──────── Dataset content ────────

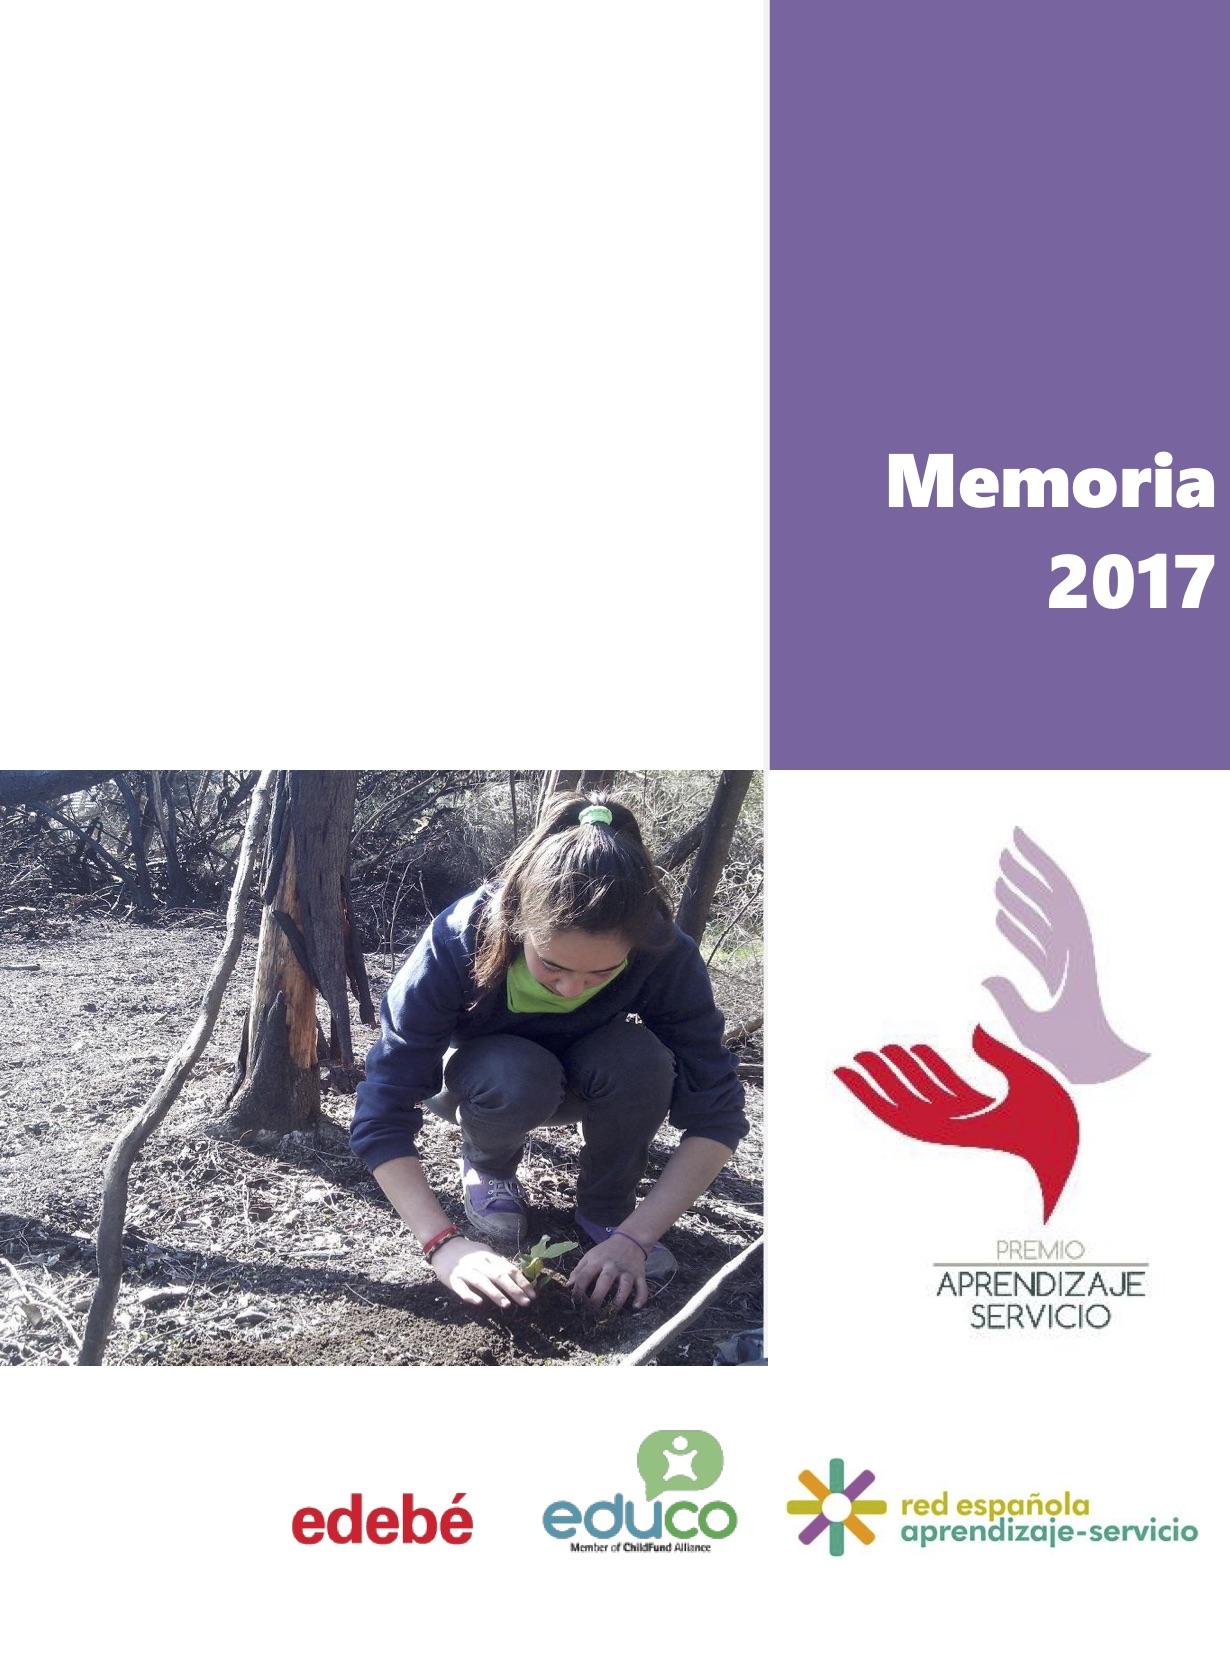 Port Memoria 2017
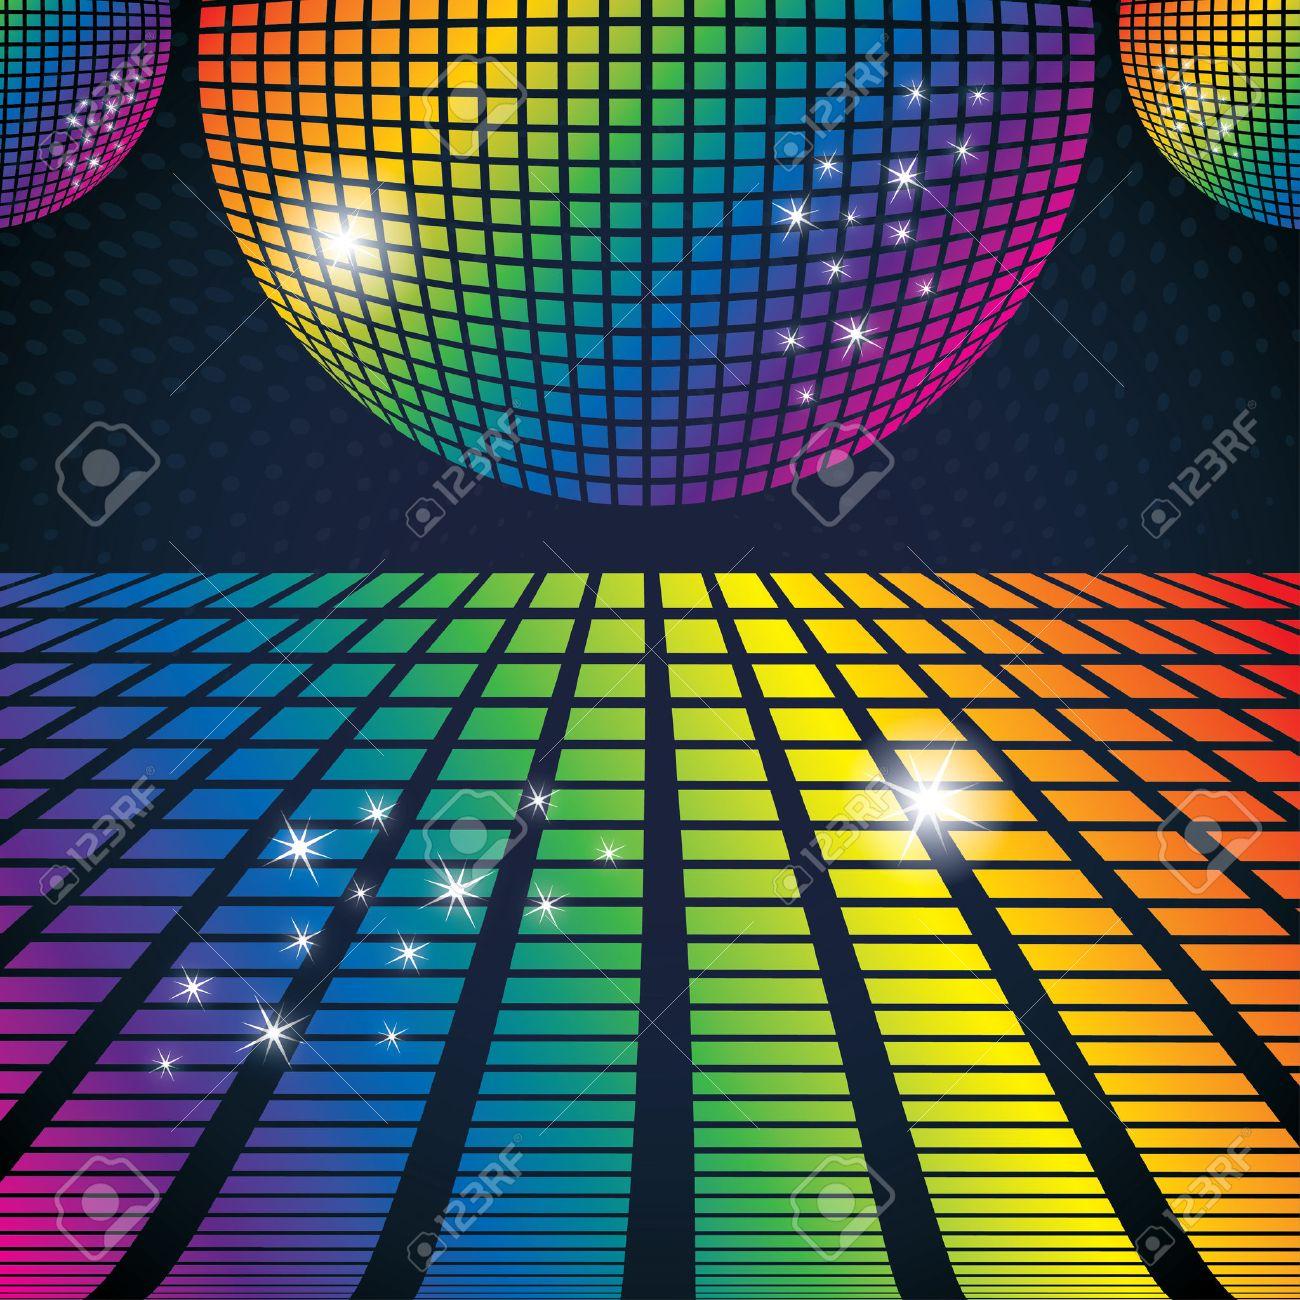 ディスコ ボールと抽象的なパーティーの背景のベクトル イラストの
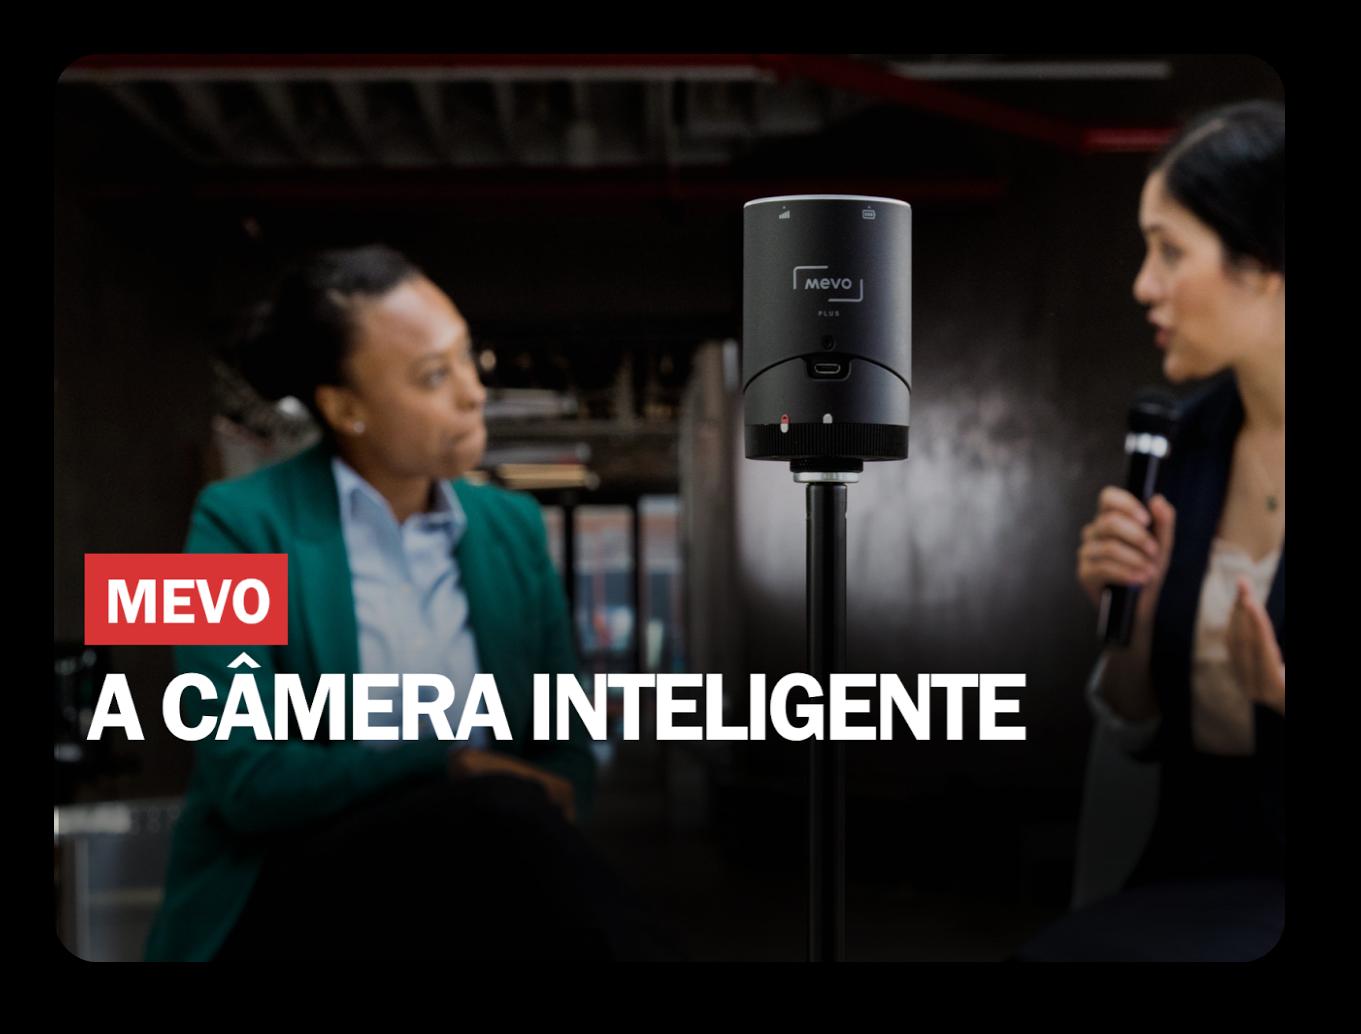 MEVO A Câmera Inteligente

────────

# Task details:
The result should be the same data as above, line for line, with the pictures gone.

# Response to this exercise:
 Port Memoria 2017
 ディスコ ボールと抽象的なパーティーの背景のベクトル イラストの
 MEVO A Câmera Inteligente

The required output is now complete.